The grand reopening was coming up in a few days. Tomorrow night, I was expected to get in the ring and fight Fetu ‘Two-Punch’ Leota. For what again? For the pride of my club? No. To prove I didn’t kill his cousin? I don’t know. To protect the pub? A pub that had already been shot up? To be honest, I wasn’t sure what I was fighting for anymore, but I knew I needed to get in that ring. To back out now would have me looking like a pussy. Slitz had agreed to fight that night too since he was always trying to get me to join him in battle. He was set to fight whoever signed up at his weight. If the guys in the crowd knew better, they’d back out and leave his 220-pound ass alone in the center of the ring.
“How are you feeling?” I asked as I approached Carla.
“Oh, you know. Just hangin’ on like a hair in a biscuit.”
“What the fuck?” I couldn’t help but laugh. I’d never heard that expression before but damn if a hair didn’t hold on to a biscuit. The last time Cracker served biscuits I’d found a hair in mine.
Carla laughed with me. “Better than I did yesterday. Not as good as I’ll feel tomorrow, I reckon.”
“I hear ya. I’m supposed to fight tomor
row and I’m just not feeling it. I haven’t even had time to train with all the bullshit that’s gone on.”
“Back out of it, Pipe,” she said. “You don’t need to prove anything.”
“You heard that asshole. He said they’d visit the pub if I didn’t.”
She put her forehead on my shoulder. “And then they hit us anyway.”
“I don’t think that was Fetu. He’s not a damn gangster. He’d probably never really hit this place, but why take the chance? If I win, I get bragging rights. If he wins, I’ll get an ass whoopin’, recover, and be back here having a Coke and a whiskey later that night.”
“How did we get here?” she asked. “It’s crazy to think I was serving food and minding my own business. Then they robbed me, and it all got crazy. I didn’t ask for that. I don’t bother anybody.”
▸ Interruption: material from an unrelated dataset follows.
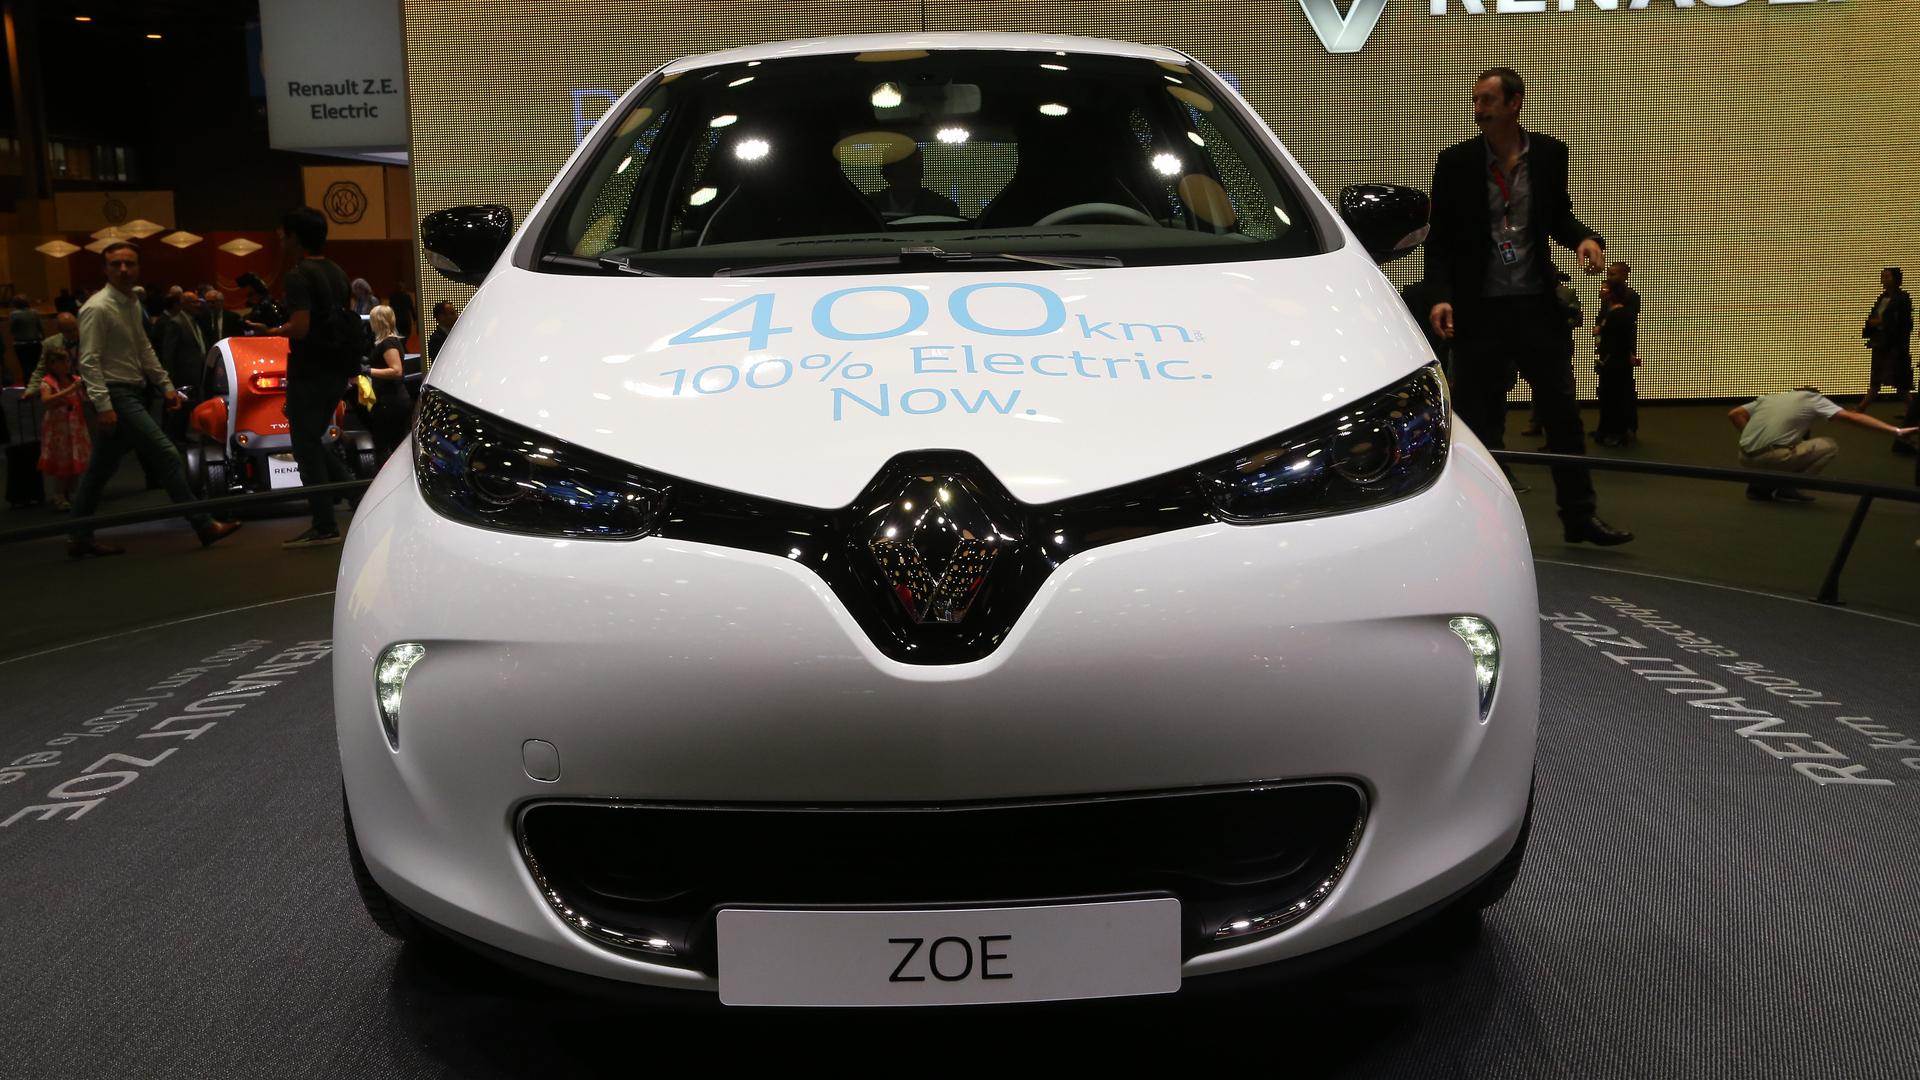 Renault Zoe ZE 40 plugs into Paris with 250-mile range
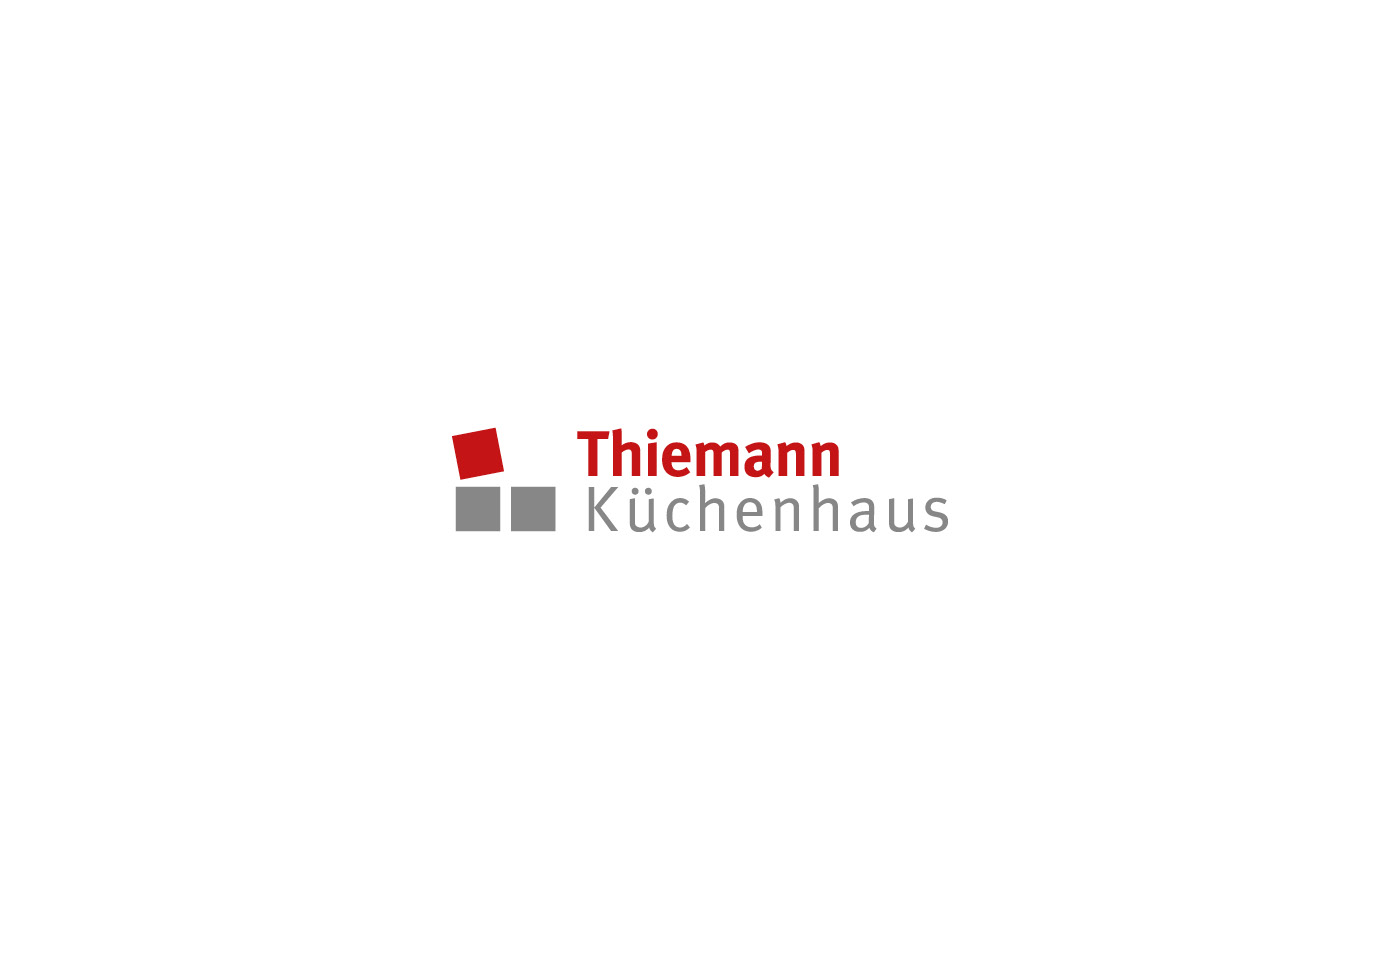 Küchenhaus Thiemann | THURM DESIGN | {Küchenhaus 12}

Her eyes welled up with tears.
“Good people get hurt all the time,” I reminded her, “and the assholes go on unfazed. It’s the way this fucked-up world works. Wickedness triumphs.”
“Good wins sometimes, right?”
“God, I hope so.”
“You only need to believe in it,” she said. “I don’t care what’s done to me. I believe we’ll finish this pub, and life will go on mighty fine.”
“I wish I had your optimism.” I thought about the game I watched Caleb playing in the park. “Sometimes it kind of feels like the ground is lava.”
“Huh?” she asked.
“Like the game kids play. It sometimes feels like no matter where you step, you’re bound to get burned.”
“I think you’ll find that more often than not, it’s just solid ground,” Carla replied. With her head still resting on my shoulder, she clasped my bicep and gave it a squeeze. “You’re a good man, Pipe,” she said. “Remember that. You might do some mean things, but you’ve got a good heart.” She didn’t know about the hex on me, the curse on my son. “It’ll all work out,” she assured me.